Your benchmarking function should:

* Take a model as its first argument.
* Have named arguments experiment_name, result_folder, and limit_images_amount.
* Perform inference using the provided model.
* Store the results in the specified result folder.
* Dump the file info as 'dataset_lookup.json' and 'dataset_lookup.csv' (If you want to support visualize html output)

For example:

```python
from imagen_hub.loader.benchmark_loader import dump_dataset_info
from imagen_hub.benchmark import benchmark_infer
from datasets import load_dataset
def my_infer_dataset_fn(model, experiment_name, result_folder, limit_images_amount):
    # Your code to perform inference with the model and store the results
    data = load_dataset("ImagenHub/Text_to_Image")['eval']

    def process_dataset_uid(sample):
        uid = sample['uid']
        return f"sample_{uid}.jpg"

    # Saving dataset info to a json file if first time or overwrite_inputs=True
    if overwrite_inputs or not os.path.exists(os.path.join(result_folder, experiment_name, 'dataset_lookup.json')):
        dump_dataset_info(data,
                          required_attributes=['prompt', 'category', 'source'],
                          uid_preprocess_fn=process_dataset_uid,
                          save_folder_path=os.path.join(result_folder, experiment_name),
                          filename_wo_ext='dataset_lookup')

    print("========> Running Benchmark Dataset:", experiment_name, "| Model:", model.__class__.__name__)
    index = 0
    for sample in tqdm(data):
        file_basename = process_dataset_uid(sample)
        dest_folder = os.path.join(result_folder, experiment_name, model.__class__.__name__)
        dest_file = os.path.join(dest_folder, file_basename)
        if overwrite_model_outputs or not os.path.exists(dest_file):
            print("========> Inferencing", dest_file)
            prompt = sample['prompt']
            output = model.infer_one_image(prompt=prompt)
            output = output.resize((512, 512), Image.LANCZOS)

            save_pil_image(output, dest_folder, file_basename)
        else:
            print("========> Skipping", dest_file, ", it already exists")
        index += 1
        if limit_images_amount is not None and (index >= limit_images_amount):
            break

result_folder = "results"
limit_images_amount=None
experiment_basename = "My_Exp"
model_list = ["SD", "SDXL"]
benchmark_infer(experiment_basename, 
                model_list = model_list,
                model_init_with_default_params=True,
                limit_images_amount = limit_images_amount,
                result_folder = result_folder,
                infer_dataset_fn=my_infer_dataset_fn)
```

The code is less than 100 lines.

The `dump_dataset_info` function is a utility for extracting specific attributes from a dataset and saving the extracted data as both a JSON and a CSV file.
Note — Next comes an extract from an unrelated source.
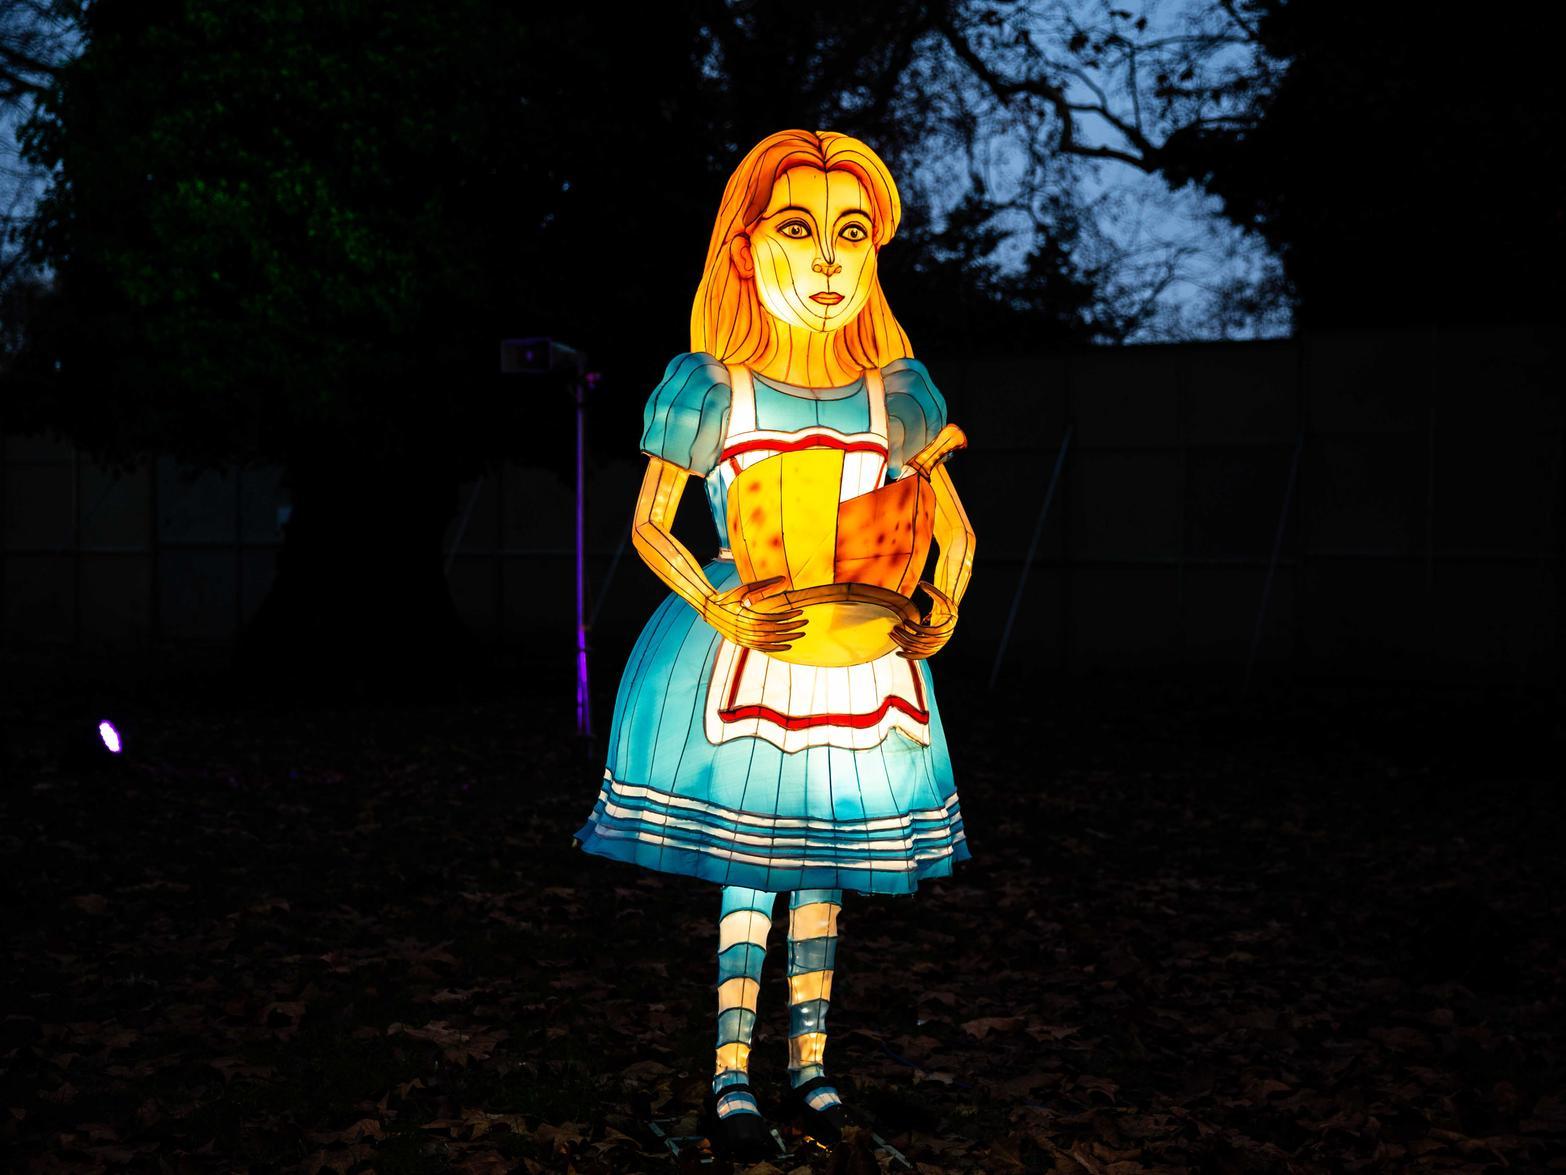 Lightwater Valley is set for a magical experience as huge Alice in Wonderland figures illuminate the park this Christmas. The trail is open Friday, Saturday and Sunday from November 22  December 15 and then on Friday, Saturday, Sunday and Monday from  December 20-30. Doors open at 4pm with last entry at 7pm.

* JSON file for generating visualization page
* CSV file for porting excel files for human evaluation.

```python
result_folder = "results"
experiment_name = "My_Exp"
data = load_dataset("ImagenHub/Text_to_Image")['eval']
def process_dataset_uid(sample):
    uid = sample['uid']
    source = sample['source']
    category = sample['category']
    prompt = sample['prompt']
    return f"sample_{uid}.jpg"
dump_dataset_info(data,
                    required_attributes=['prompt', 'category', 'source'], # extracting only the relevant attributes
                    uid_preprocess_fn=process_dataset_uid, # using filename as a uid
                    save_folder_path=os.path.join(result_folder, experiment_name),
                    filename_wo_ext='dataset_lookup' # The base filename for the saved files
                 )
```

The output structure would look like:

```shell
results$ tree -I '*jpg'
.
└── My_Exp
    ├── dataset_lookup.csv
    ├── dataset_lookup.json
    ├── index.html
    ├── SD
    └── SDXL
```

where 
* `dataset_lookup.json` storing the attributes of each inference data.
* `dataset_lookup.csv` storing the filenames.